Line flows were compared in different cases such as normal, normal with GWO, contingency with N-R power flow, and contingency with GWO in Table 7. From this table, it can be shown that the lines 1–2, 9–10, are overloaded under outage of lines 4–12. Congested lines are reduced to a significant value with the GWO method. The third column data Represents in Table 7 is the limit of power flows in the individual transmission line of the IEEE 30 Bus system. When these systems run using N-R Methos under normal conditions the fourth column shows the values of power flows in the individual line. column 5 of Table 7 shows the line flows in the individual transmission line by using the GWO algorithm. columns 7 and 8 show the line flows under line outage with and with the GWO algorithm as shown that the lines 1–2, 9–10, are overloaded under outage of lines 4–12. Congested lines are reduced to a significant value with the GWO method.
Table 7.
The contrast of line flows under lines 4–12 outage.

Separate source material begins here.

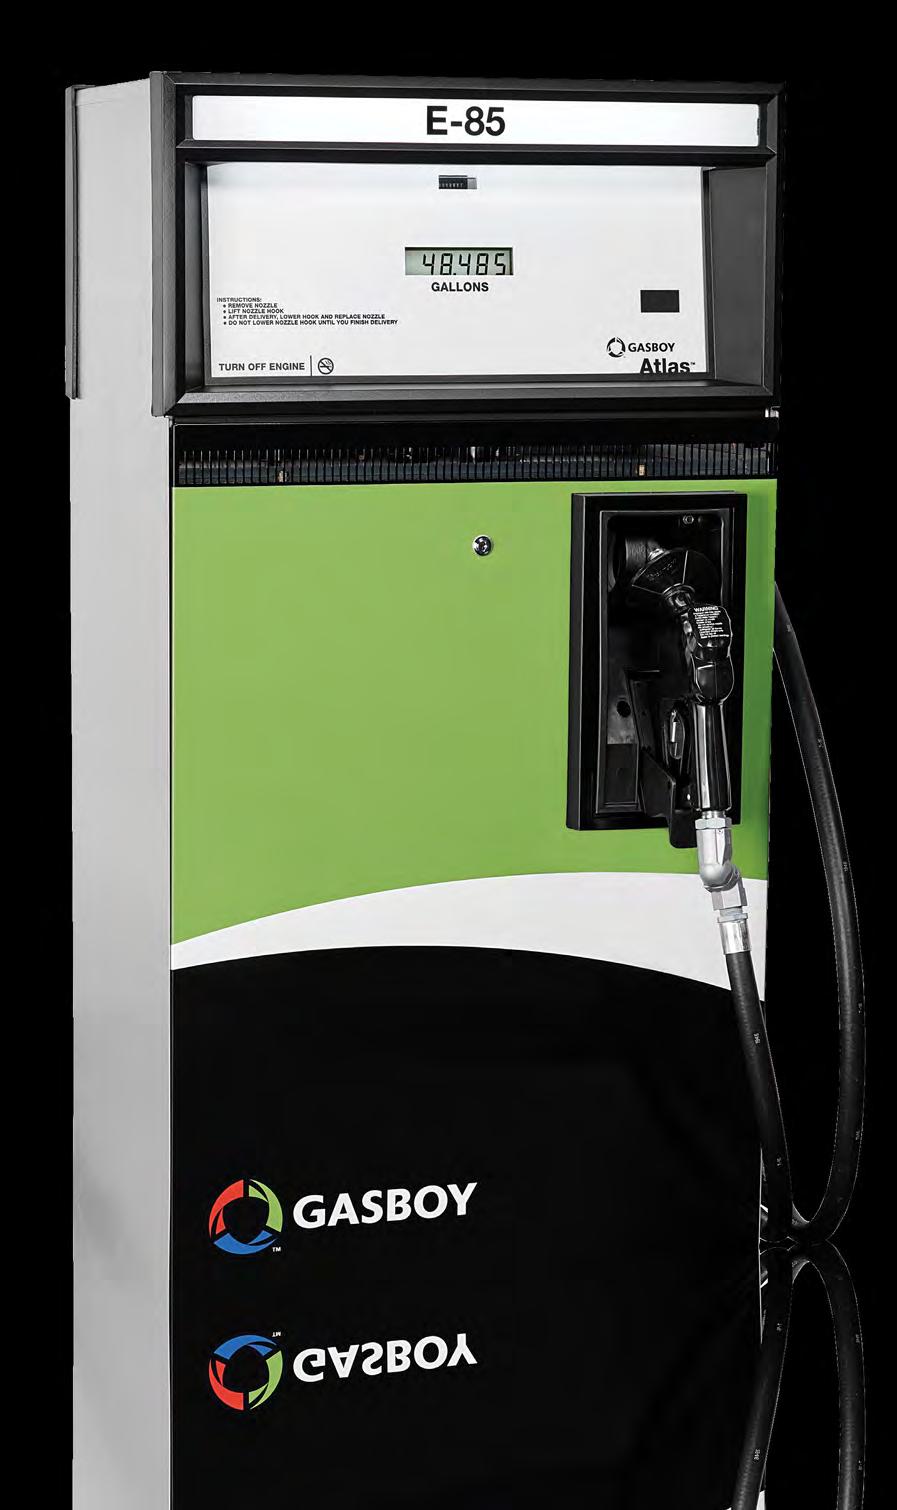 ATLAS 9872K E85 9872K E L E C T R O N I C E 8 5 Atlas E85 Dispenser The 9872K Series is specifically designed and UL listed for use with E85 fuels.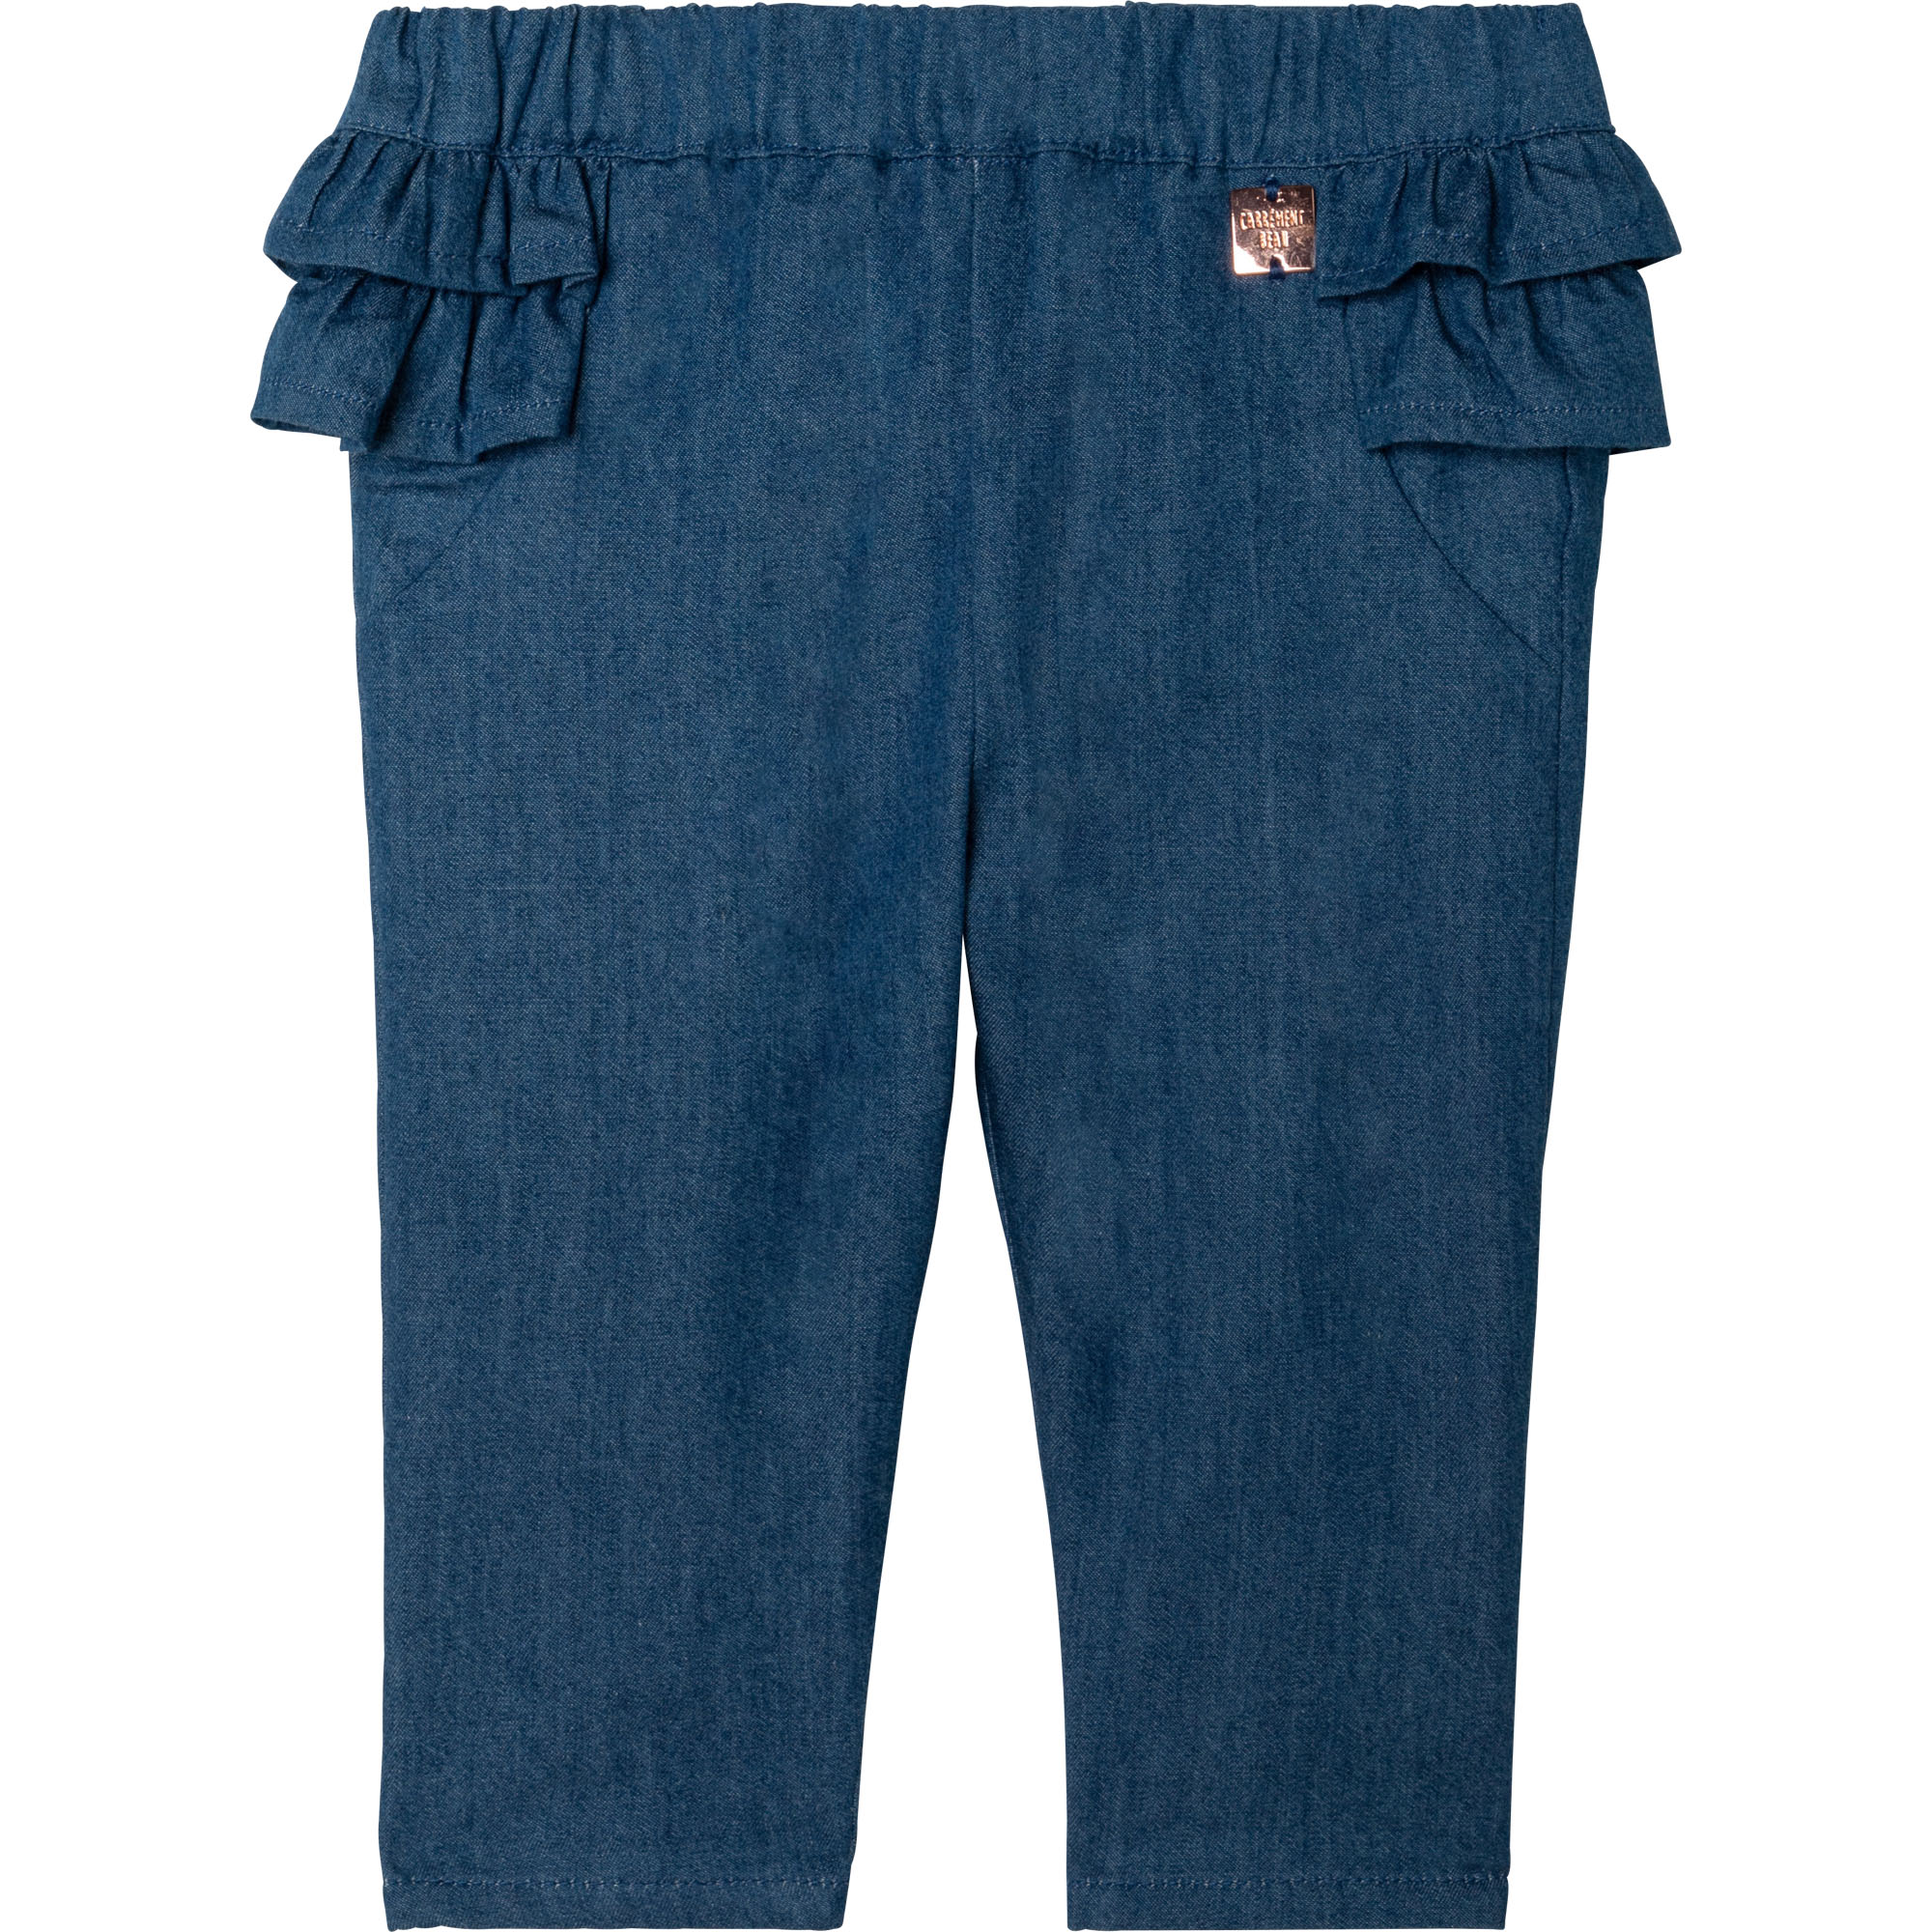 Straight-cut ruffled jeans CARREMENT BEAU for GIRL

Table 8 shows over-loaded lines under various line outages. Power flows are observed in the line during normal conditions are within the specified limits but power flows line 2–6, line 1–2, line 5–7, line 4–6 gets congested due to the contingency of line 2–5. Power flows in lines 2–6, line 1–2, line 5–7, line 4–6 before contingency are 125.147 MVA, 45.3089 MVA, 52.6063 MVA, 14.1723 MVA, respectively. During contingency, the respective lines are overloaded to 132.996 MVA, 91.331 MVA, 99.62 MVA, 71.761 MVA, respectively, after using the proposed GWO these values are reduced to 100.38 MVA, 79.3818 MVA, 83.31 MVA, and 67.8742 MVA nearer to their limits. Similarly, this phenomenon was observed in the remaining line outages of lines 3–4, line 4–12.
Table 8.
Optimal power flows for various objective functions for various severe contingencies.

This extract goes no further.